- Medium: Stand-up; television; film; radio;
- Years active: 2012–present
- Genres: Blue comedy; musical comedy; character comedy;
- Notable works and roles: Co-host of iHeartMedia's Real-Time Crime podcast; Clubhouse icon; Portraying Rachel Feinstein on Laff Mobb's Laff Tracks;
- Website: leahlamarr.com

= Leah Lamarr =

American comedian

Leah Lamarr is an American comedian, actress and podcast host.

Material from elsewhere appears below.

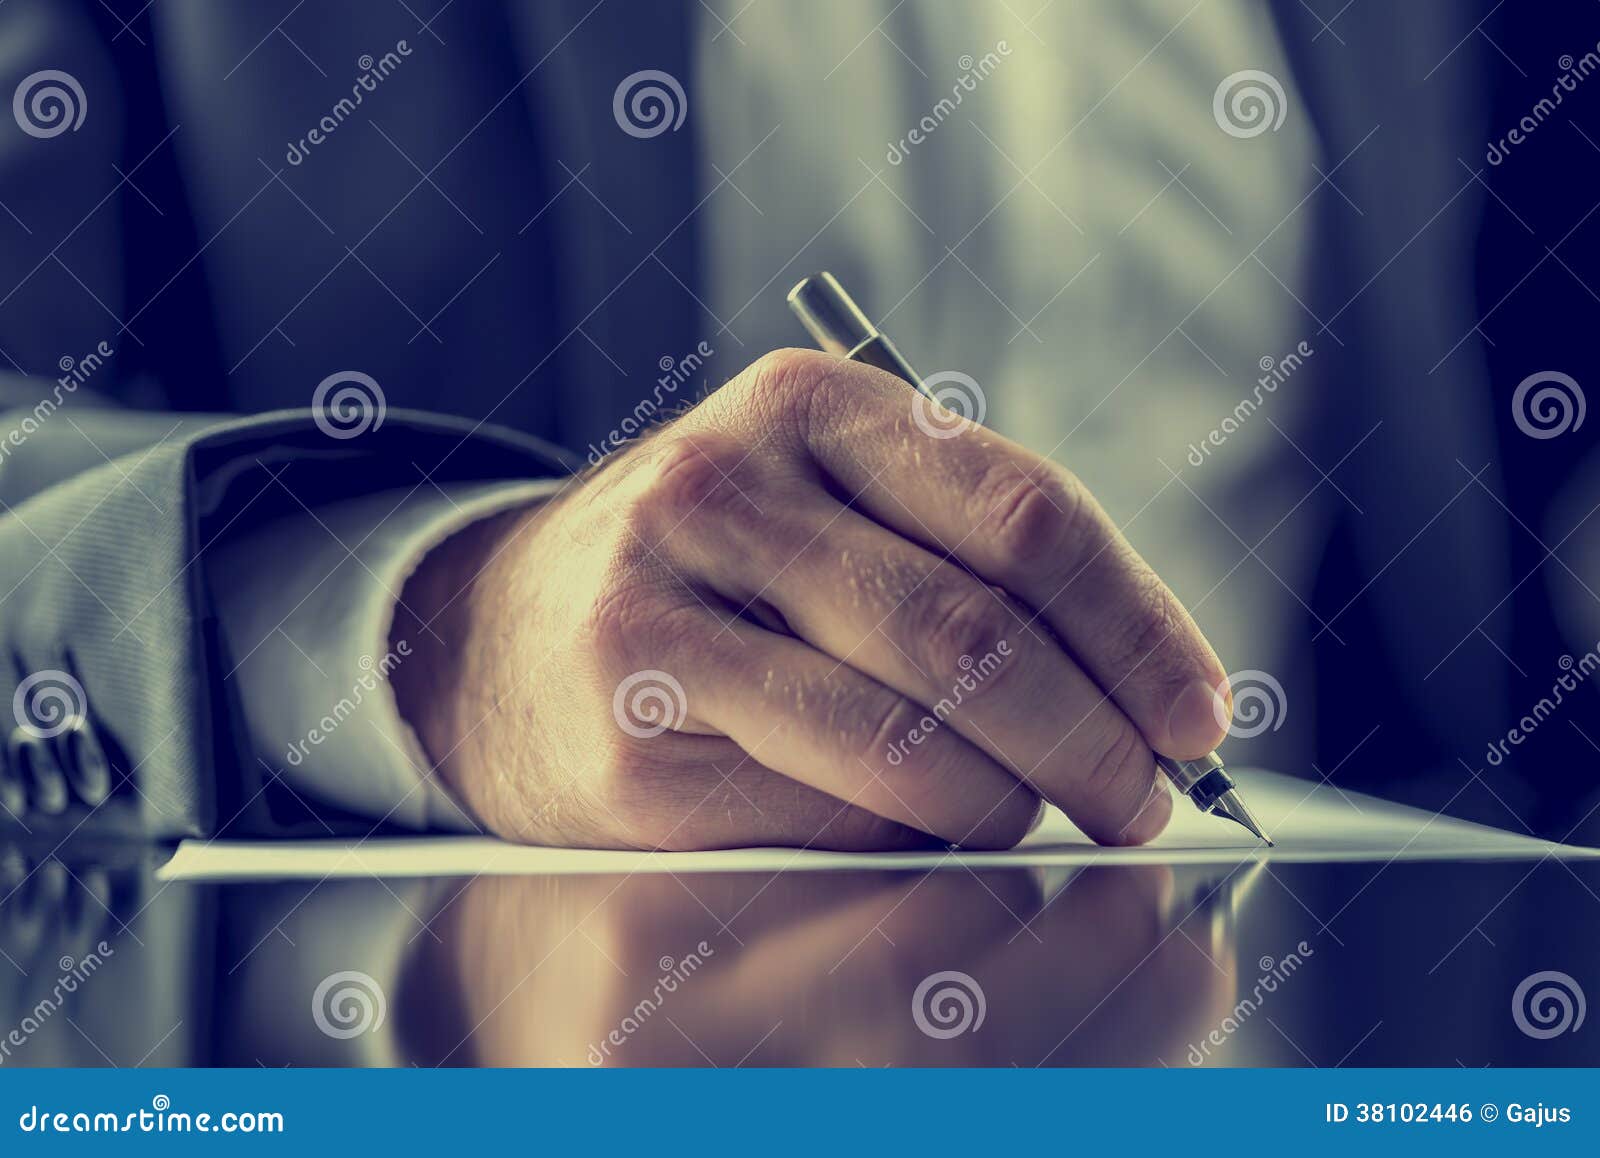 man signing a document or writing correspondence

She is known for being a comedy show host on the Clubhouse app and co-hosting the Real-Time Crime podcast on iHeartMedia.

== Life and career ==

Lamarr struggled as a comedian until she joined Clubhouse in 2020. She moderates Hot on the Mic and Afternoon Delight, one of the app's most popular rooms. Lamarr has hosted rooms with Adele and Oprah, an interview she revealed made her sweat. When asked about how much time she spends on the app, Lamarr admits she has FOMO when not on it. On August 29, 2021, she became the app's official icon.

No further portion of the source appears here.